XIII. (69) We have now then discussed at sufficient length the nonsense in opposition to truth which is uttered by those who build up falsehood and fables. But we must be well assured that men have from all eternity sprung from other men in constant succession, the man implanting the seed in the woman as in a field, and the woman receiving the seed so as to preserve it, and nature by her unseen operations fashioning everything, and each separate part of the body and of the soul, and giving to the whole race of mankind that which each individual separately is unable to receive, namely, the principle of immortality; for though the individual members are continually perishing, yet the race remains undying as a truly divine work. But if man, who is but a small portion of the universe, is eternal, then certainly the world itself must have been uncreated so as to be imperishable.

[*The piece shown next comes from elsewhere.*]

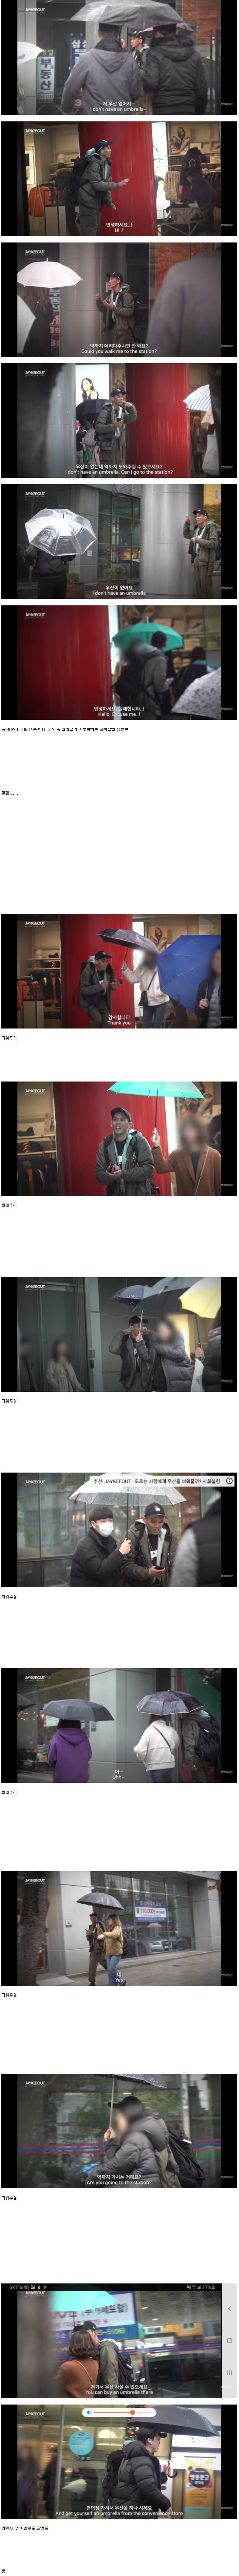 한국에서 동남아인이 우산 좀 씌워달라고 하면

XIV. (70) But Critolaus, in arguing in support of his opinion, brought forward an argument of this kind, –“That which is the cause to man of his being in health is itself free from disease, and, in like manner, the cause of his keeping awake must itself be sleepless; and if this is the case, that which is the cause of his existing for ever must itself also be everlasting.” Now the cause of man’s existing for ever is the world, since it is so to all other things whatever; therefore the world also is immortal. (71) Nevertheless, this point also is worthy of one consideration: that everything which is born must by all means at the beginning be imperfect, but as time advances he must increase till he arrives at complete perfection, so that if the world was born it was at one time (that I may use the expressions appropriate to the ages of men) a mere infant, and subsequently increasing in periods of years and lapse of time, it at last and with great difficulty arrived at perfection, for of necessity the period at which that which of all things has the longest existence must be late. (72) But if any one fancies that the world has ever really been subjected to such changes as these, it is time that he should learn that he has been under the influence of incurable madness, for it is plain that if that is the case not only will its bodily appearance be increased, but its mind also will receive growth, since they who attribute liability to perish to it conceive it to be a rational creature. (73) Therefore, just like a man, it will be devoid of reason at the commencement of its existence, but endowed with reason at the age when it is in its prime, which it is impious not only to say, but even to think, for how can we imagine the most perfect visible circumference which surrounds us, and which contains within itself so many individual inhabitants, is not always perfect both in soul and body, being exempt from all those evils in which everything which has been born and which is perishable is implicated?